Однако идти на базу было еще рано. Киму вдруг пришел на память вчерашний непонятный мальчик-художник: как мог он на таком расстоянии подслушать его слова? Не в привычках Кима было оставлять нерешенными какие бы то ни было загадки; позавтракав, он направился к Браиловским.

И Лева и его гость оказались дома. Взрослые, вероятно, еще спали, а будущий великий биолог кушал яичницу с зеленым луком, читая между делом какую-то книгу. Странный приятель его, установив в дверях на балкон легкий мольбертик, писал акварелью этюд Каменноостровского моста.

«Чудо», разумеется, оказалось ничуть не чудесным.

— Видите ли, Ким, — сказал своим странным голосом Юра Грибоедов, — я ваших слов не слышал. Я и вообще ничего не слышу: я совсем глухой. Но меня научили разговаривать по особому методу, я читаю слова по губам собеседника… Вы, наверное, слыхали, что так бывает.
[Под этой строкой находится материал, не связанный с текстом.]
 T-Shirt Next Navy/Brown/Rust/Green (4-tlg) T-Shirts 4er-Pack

Так вот — Юра этот жил теперь в совершенно особенном мире. «Слышно» для него означало «видно». В немом кино он «слышал» всё, что говорили при съемке актеры. «Я поэтому не любил кино, пока его не озвучили: они всякую чушь несли, играя… Неприятно!» А вот что такое «музыка» или свист, — он просто даже догадаться не мог. «Я вижу, что люди зачем-то оттопыривают губы или дуют в трубу, но зачем это делается, — мне неизвестно!»
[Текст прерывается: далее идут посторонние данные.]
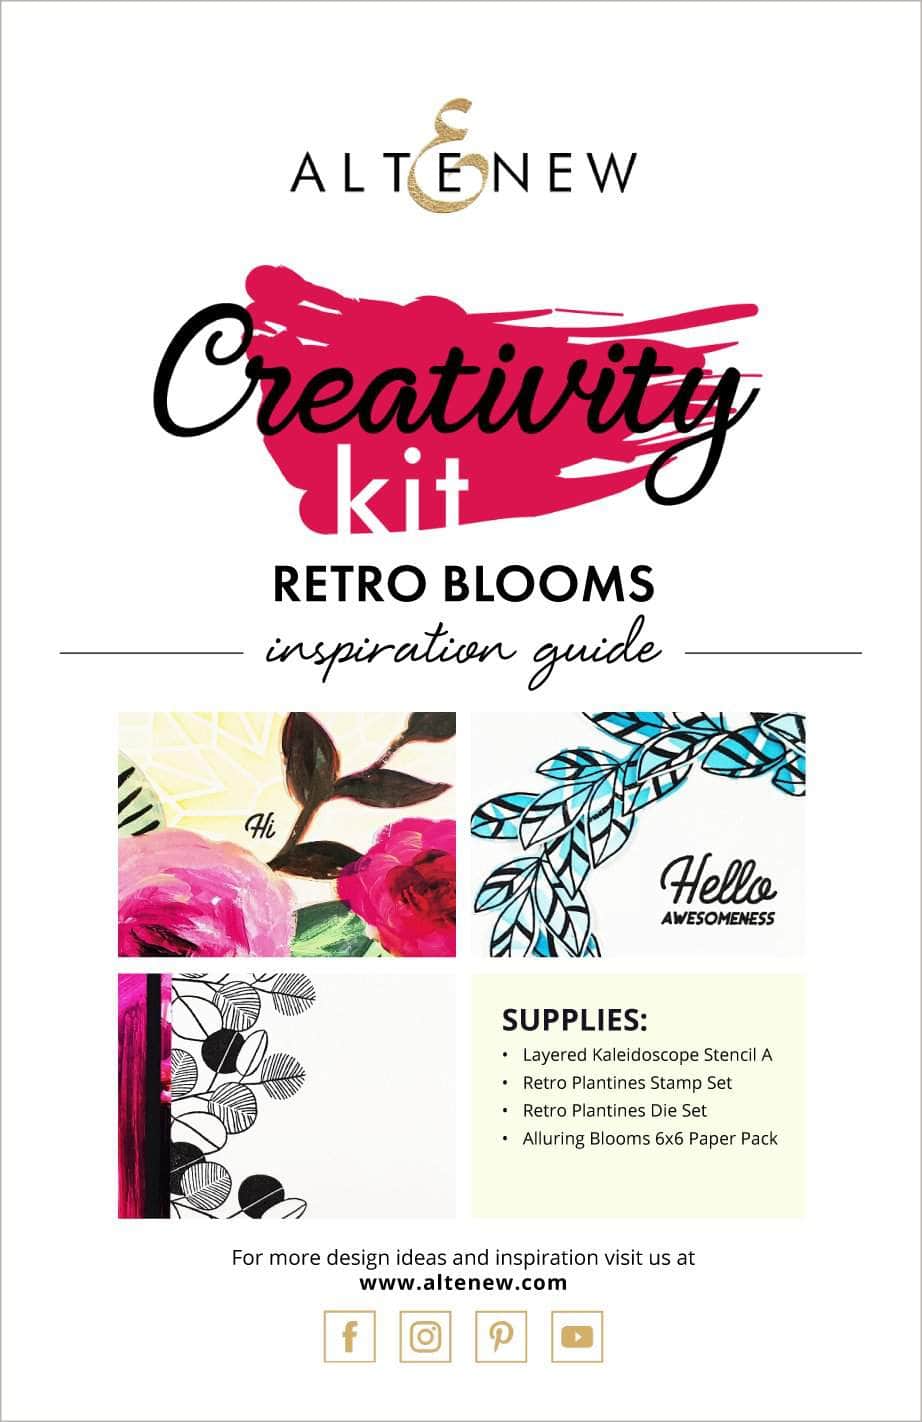 Printed Media Retro Blooms Creativity Kit Inspiration Guide

Совсем удивительно: при любом шуме он мог слышать самый слабый шопот, лишь бы тот, кто шепчет, стоял к нему лицом. А в темноте он не расслышал бы даже барабанного боя. Кимка задумался: как странно! Ну да, понятно: раз у него был вчера бинокль, он мог рассмотреть издали каждое Кимкино слово. Свет, заменяющий звук, — как интересно! Но тогда…

Ким Соломин был человеком опыта, прирожденным экспериментатором. Он, конечно, сейчас же захотел своими глазами увидеть, как это происходит. А Лева Браиловский был всегда не прочь похвастаться чем угодно: ну, хотя бы необычной способностью своего друга.
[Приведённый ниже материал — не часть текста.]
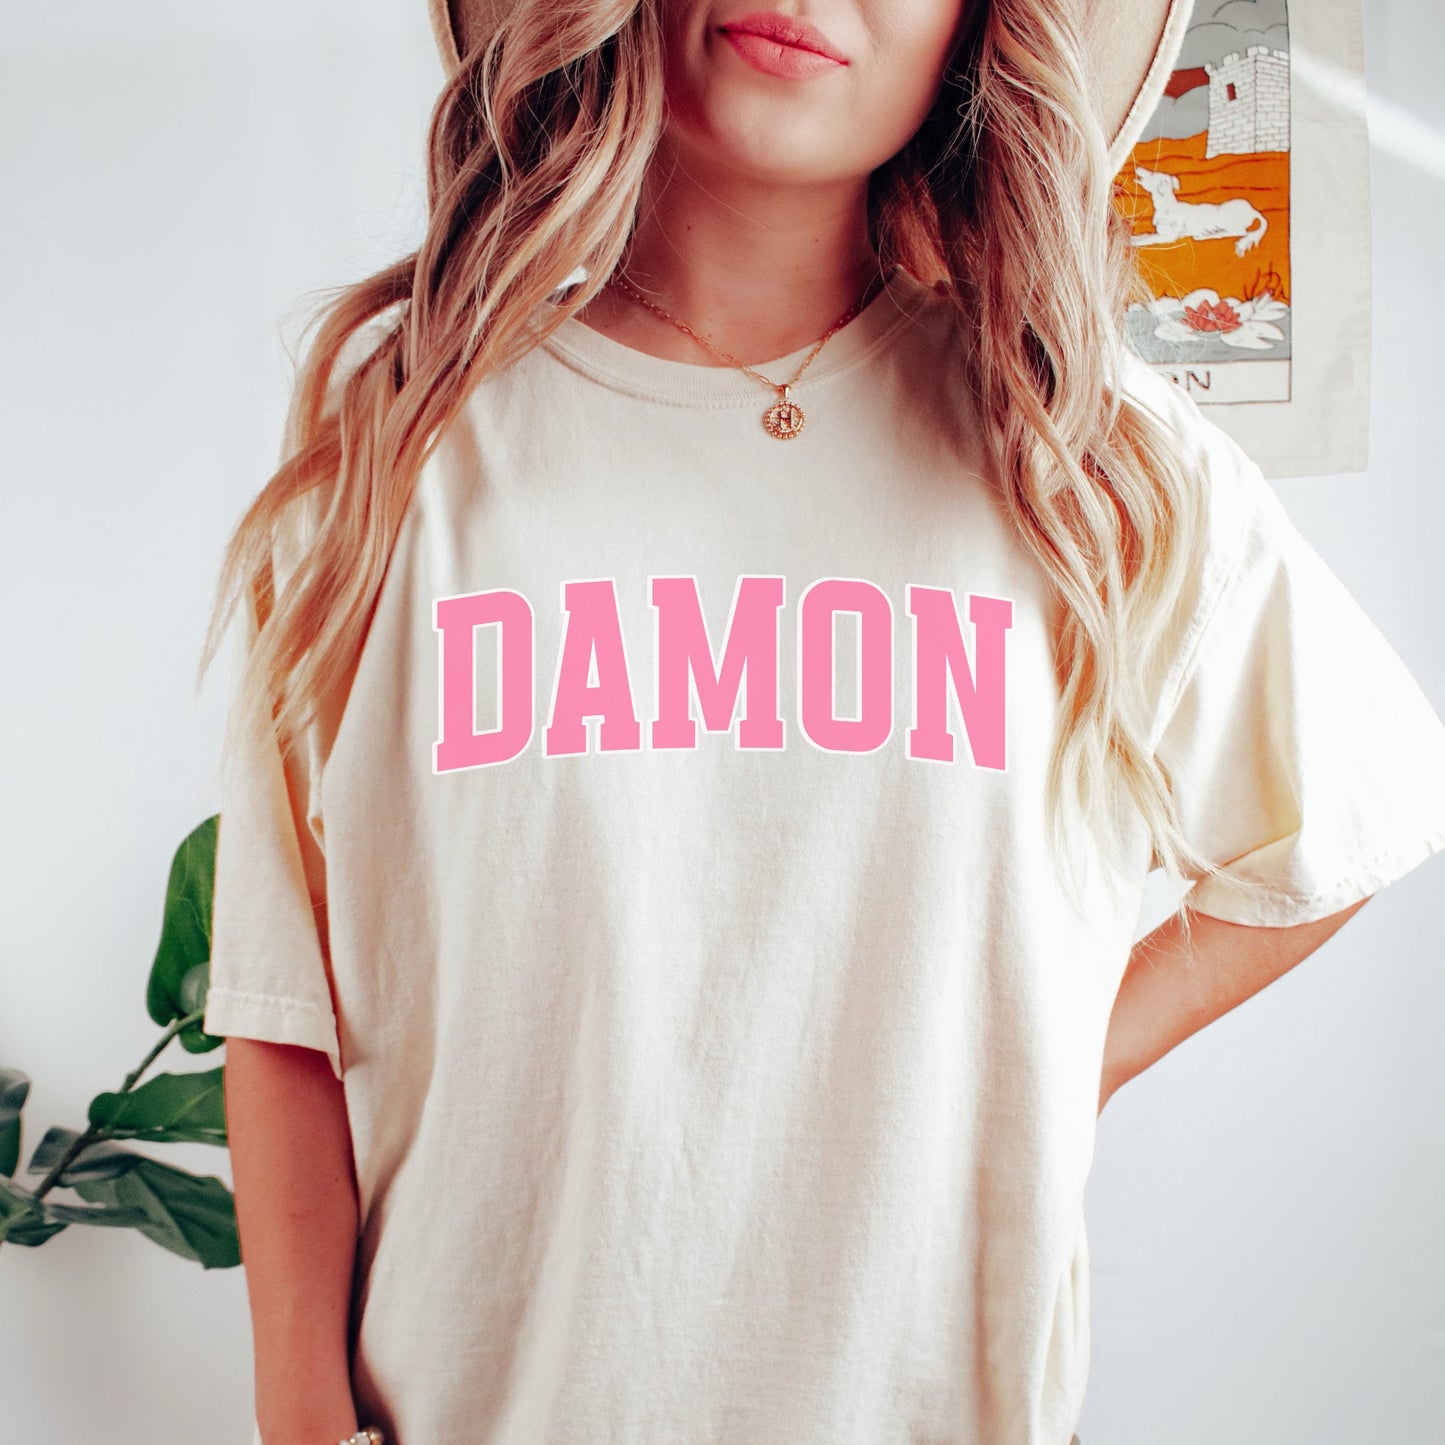 Damon Salvatore Shirt, TVD shirt, Damon Merch, The Vampire Diaries TVD merch, Tvd gift, Damon Salvatore, Stefan Salvatore

Случилось так, что в этот миг у ворот городка собралась кучка народа. Видимо, там что-то произошло: люди взволнованно разговаривали. Высокий военный гневно жестикулировал, точно осыпал кого-то бранью. Женщина в платке неожиданно закрыла лицо руками и бросилась бежать.

— Юрка! — сказал, похлопав гостя по плечу, хозяин дома. — А ну, порази маловера! На бинокль: о чем шумят народные витии?

Пожав плечами, Юра Грибоедов взял бинокль, поднес его к глазам, вгляделся и, сейчас же оторвавшись от него, растерянно обернулся к товарищам.

— Ребята… Что такое? Как же ты, Левка, не слышал по радио? Война же! Война!.. Гитлер начал войну с нами…

И для Кима Соломина на всю жизнь начало новой полосы в его жизни связалось с бледным лицом, с округлившимися глазами, с деревянным голосом этого высокого мальчика в вельветовой курточке.

Война!

Несколько минут спустя Ким вышел из дома на улицу. Он очень растерялся, Ким. Куда идти, что делать? Мама уже в пять утра уехала на работу… Ланэ? А что же теперь может сделать Ланэ?

У ворот он остановился: да правда ли это? Как же война? Вот… Трамваи ходят, дворник Иван Иванович метет улицу. Против продуктового магазина стоит машина с надписью «Хлеб». Какая же это война? А в то же время точно тень какая-то налегла на всё — на Неву, на деревья, на весь город. Точно откуда-то, как из погреба, веет холодом. Ничего такого он не ощущал полтора года назад, когда началась финская кампания.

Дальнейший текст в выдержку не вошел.